Châlons Cathedral (Cathédrale Saint-Étienne de Châlons) is a Roman Catholic church in Châlons-en-Champagne, France, formerly known as Châlons-sur-Marne. Constructed between 1120 and 1635, Châlons Cathedral is considered to be one of the earliest true Gothic cathedrals built in France and has been listed as a Monument historique since 1862.

==History==
After the diocese of Châlons was founded in the 4th century, a cathedral was erected in the middle of the fortified Gallo-Roman town, surrounded by a cathedral quarter comprising several churches, the canons' cloister to the north, and the bishop's palace to the west. After being severely damaged by the sacking and burning of the town by Robert of Vermandois and the Normans, a complete reconstruction was ordered around 1120 by William of Champeaux. The structure was completed in about a hundred years, despite the shortage of resources. This new Romanesque cathedral comprised a crypt dedicated to Virgin Mary, a transept, and a long nave, but lacked a true ambulatory. Of the two towers grafted onto the transept arms, only the north tower remains, comparable to the towers of Notre-Dame-en-Vaux. Destroyed halfway through construction in 1138 by fire from a lightning strike, the recovering cathedral was nevertheless consecrated by Pope Eugene III on October 26, 1147.

A third fire significantly damaged the church in 1230, requiring extensive reconstruction. At the same time, the architects of the cathedral were quickly influenced by the new Gothic stylistic advancements of projects such as Saint-Denis Basilica and Noyon Cathedral and swiftly adopted the new Rayonnant Gothic style. The resulting abandonment of Romanesque architecture led to the addition of light filled radiating chapels, chevet, and a ambulatory being added between 1280 and 1310. In addition, stained glass windows, donated by Louis IX were installed in the nave and flying buttresses were also added to further support the growing structure. Construction continued at a relatively slow pace, with the nave being constructed at the end of the 15th century and extending into the 16th century. In response to the restorations of Notre-Dame de l'Épine and Notre-Dame-en-Vaux, a crown with a spire measuring more than 80m tall was added in 1520. Between 1628 and 1634 under architect Claude Monnart, the main façade was completed in the prevailing Baroque style, inspired by the church of Saint-Gervais-Saint-Protais in Paris. However, the original medieval design of the nave was preserved. In 1668, lightning struck the spire of the north tower, causing a fire that inflicted severe damage to the cathedral and completely destroying the choir. The entire apse was reconstructed and the transept towers were finished with stone spires. In addition, to strengthen the pillars, two thirds of the crypt were then filled in for support.

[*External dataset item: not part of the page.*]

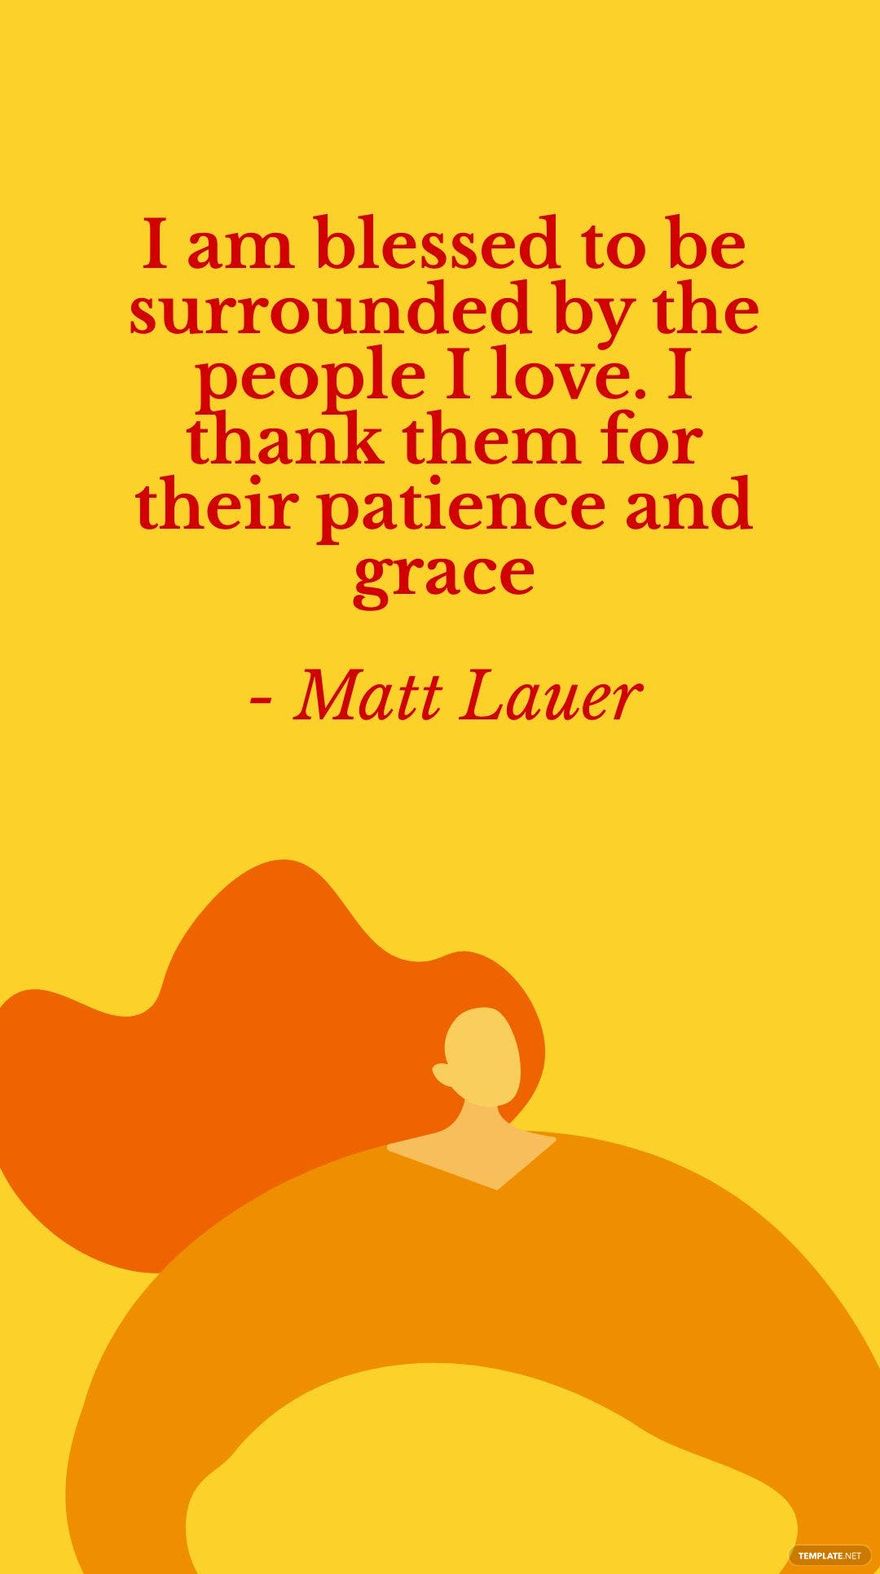 Matt Lauer - I am blessed to be surrounded by the people I love. I thank them for their patience and grace

The cathedral suffered severe damage during the French Revolution, with many of the original statues on the façade being destroyed. After being closed, the building was used as a horse stable before being restored in the 19th century by Eugène Viollet-le-Duc's students, particularly his son-in-law Maurice Ouradou. Work included the suppression of the side chapels, deemed inconsistent with the pedestal style; the demolition of the spires on the choir towers erected after the fire of 1668; and the reconstruction of the southern façade of the transept. Restorations also included the cleaning and the addition of new stained glass panels by Jacques Grüber. The cathedral survived almost unscathed through World War I and II, and was reopened in 2009 after a brief restoration.

== Organ ==
The organ was rebuilt and enlarged in 1898 by his sons Eugène and John-Albert, who delivered the largest instrument to come out of their workshop. After work by Max and André Roethinger in 1957, the organs were restored between 2000 and 2006 in the spirit (composition and harmonization) of 1898 by the Renault-Menoret company, then by Olivier Robert and Denis Lacorre.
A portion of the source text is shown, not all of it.